Chaque année, un français sur cinq consomme au moins une benzodiazépine ou une molécule apparentée. 134 millions de boîtes de médicaments contenant des benzodiazépines ou apparentées ont été vendues en France en 2010 (50,2% d’anxiolytiques et 37,6% d’hypnotiques). Ces médicaments, qui agissent sur le système nerveux central, sont nécessaires pour de nombreux patients mais peuvent aussi présenter des risques.

Ce constat a déjà conduit les autorités sanitaires à mettre en place des mesures visant à favoriser leur bon usage. Depuis 10 ans, on observe une stabilisation voire une diminution de la consommation des benzodiazépines en France. Cependant les risques liés à leur usage persistent et l’existence d’un lien entre benzodiazépines et démence est en cours d’étude. A la lumière de ces nouvelles données, l’Afssaps proposera des mesures pour renforcer le bon usage des benzodiazépines, limiter les risques liés à leur consommation et diminuer leur surconsommation.

Commercialisées depuis les années 60, les benzodiazépines et apparentées sont des molécules qui agissent sur le système nerveux central. Les 22 benzodiazépines actuellement commercialisées en France sont indiquées, selon leur propriété principale, dans le traitement de l’anxiété, des troubles sévères du sommeil, de l’épilepsie ou des contractures musculaires douloureuses. Depuis les années 1990, de nombreux travaux ont souligné le niveau élevé de consommation de médicaments psychotropes en France, en particulier les anxiolytiques et les hypnotiques, principalement représentés par les benzodiazépines. En 2009, certaines données européennes plaçaient la France au deuxième rang des pays européens consommateurs d’anxiolytiques (après le Portugal) et d’hypnotiques (après la Suède).

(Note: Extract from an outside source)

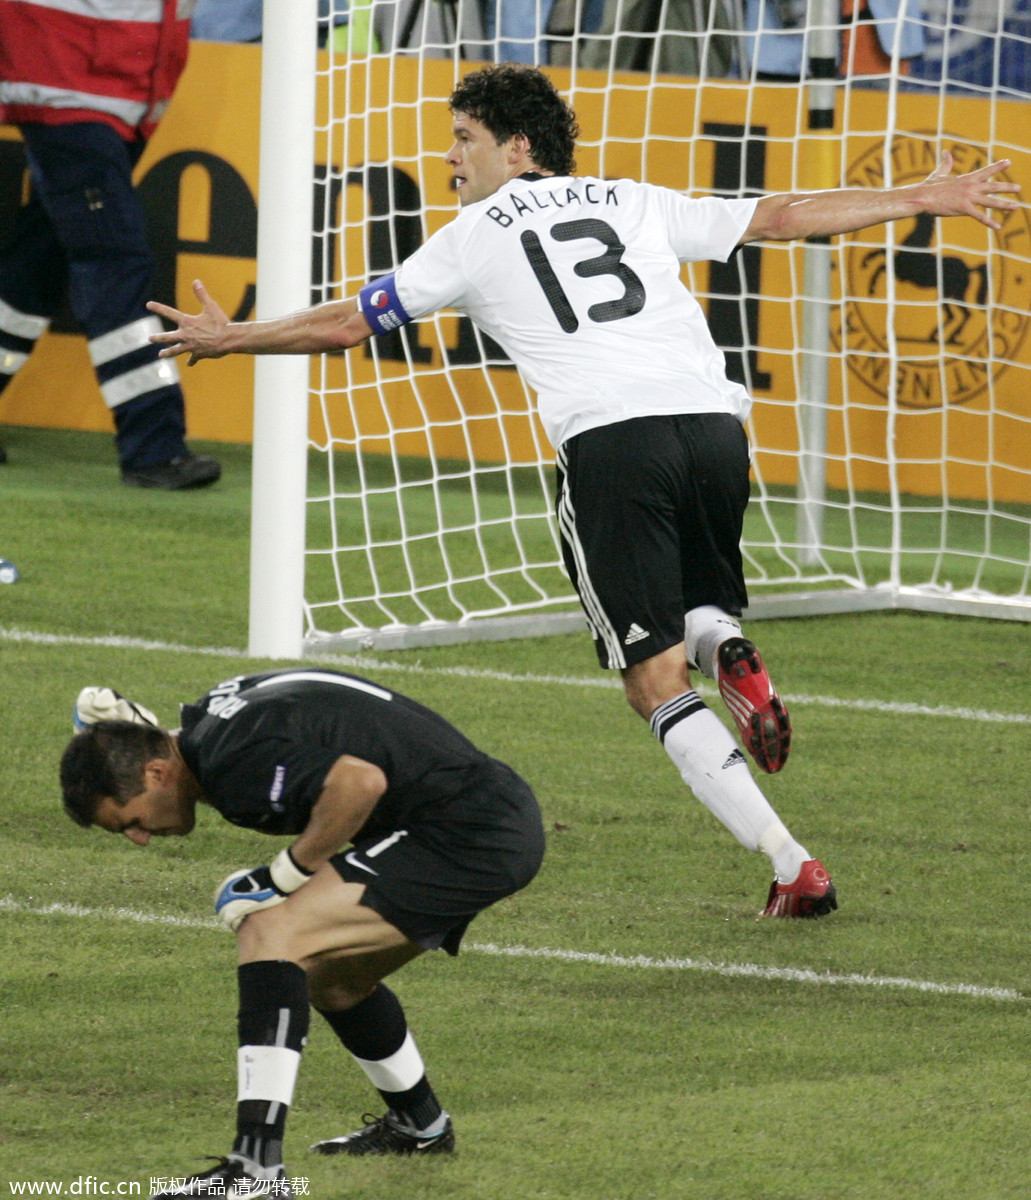 回顾德国葡萄牙经典战役 06年世界杯季军战成
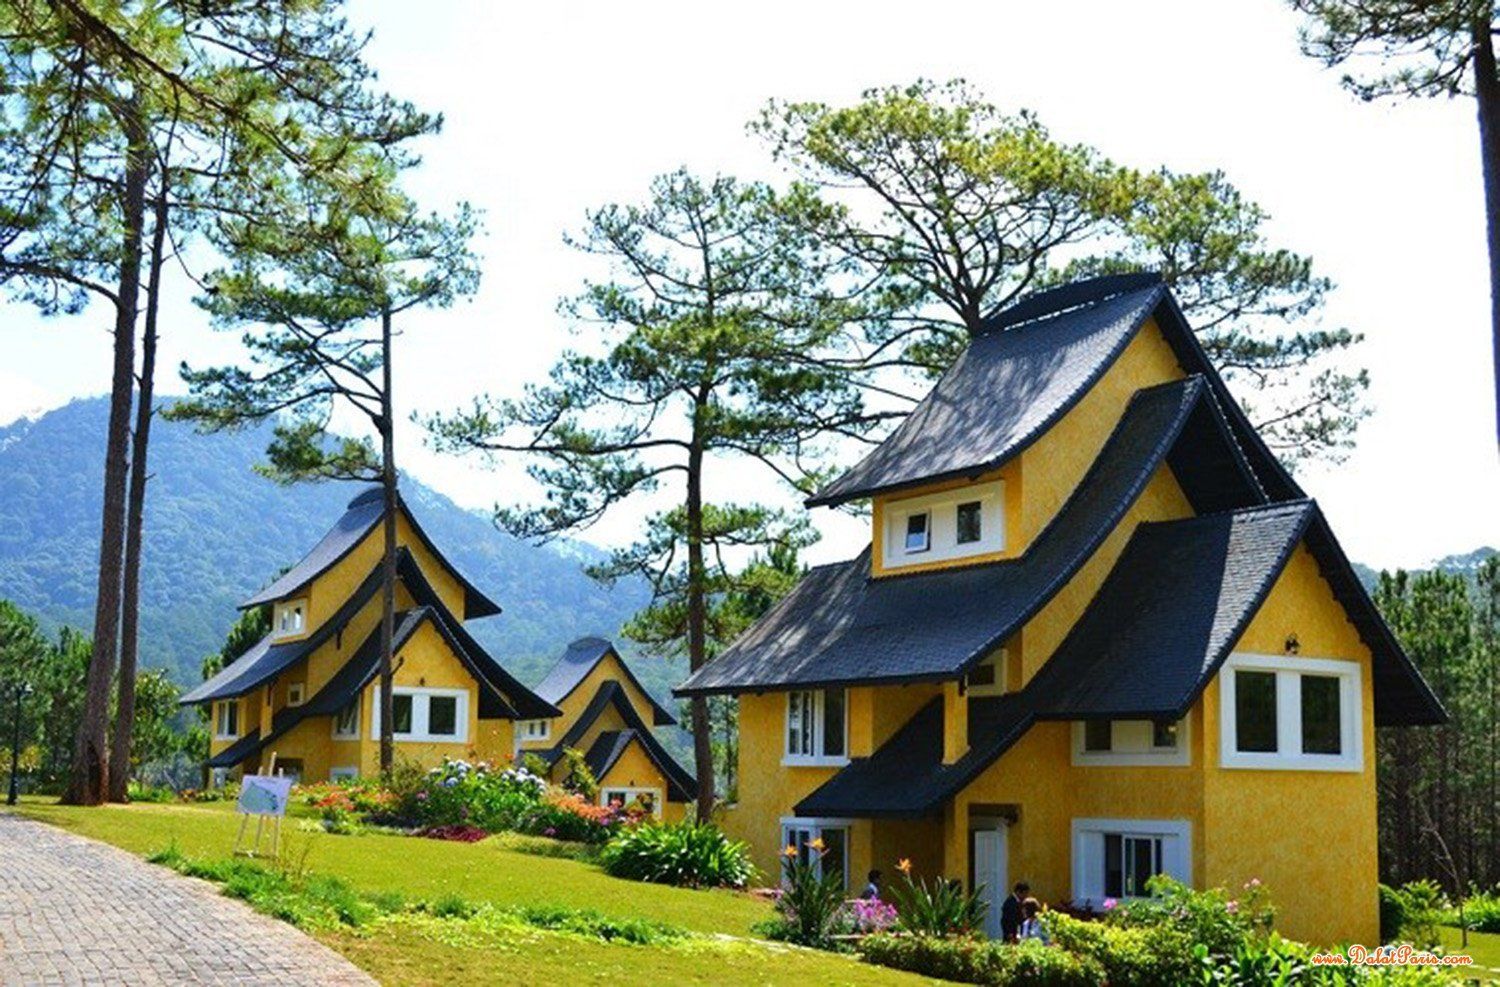 Đất nền Biệt thự Đường Thi Sách khu vực trung tâm TP Đà Lạt, gần bệnh viện đa khoa tỉnh Lâm Đồng, thích hợp an cư nghỉ dưỡng, kinh doanh khách sạn, giá tốt đầu tư

Devant le niveau élevé de consommation des benzodiazépines en France et les risques qui leur sont associés, l’Afssaps a souhaité dresser un panorama de la consommation des benzodiazépines en France et de son évolution sur plusieurs années. L’Afssaps a procédé à l’analyse des données de ventes et de remboursement de l’assurance maladie, des résultats d’études réalisées sur des populations particulières et des données provenant des systèmes de vigilance de l’Afssaps.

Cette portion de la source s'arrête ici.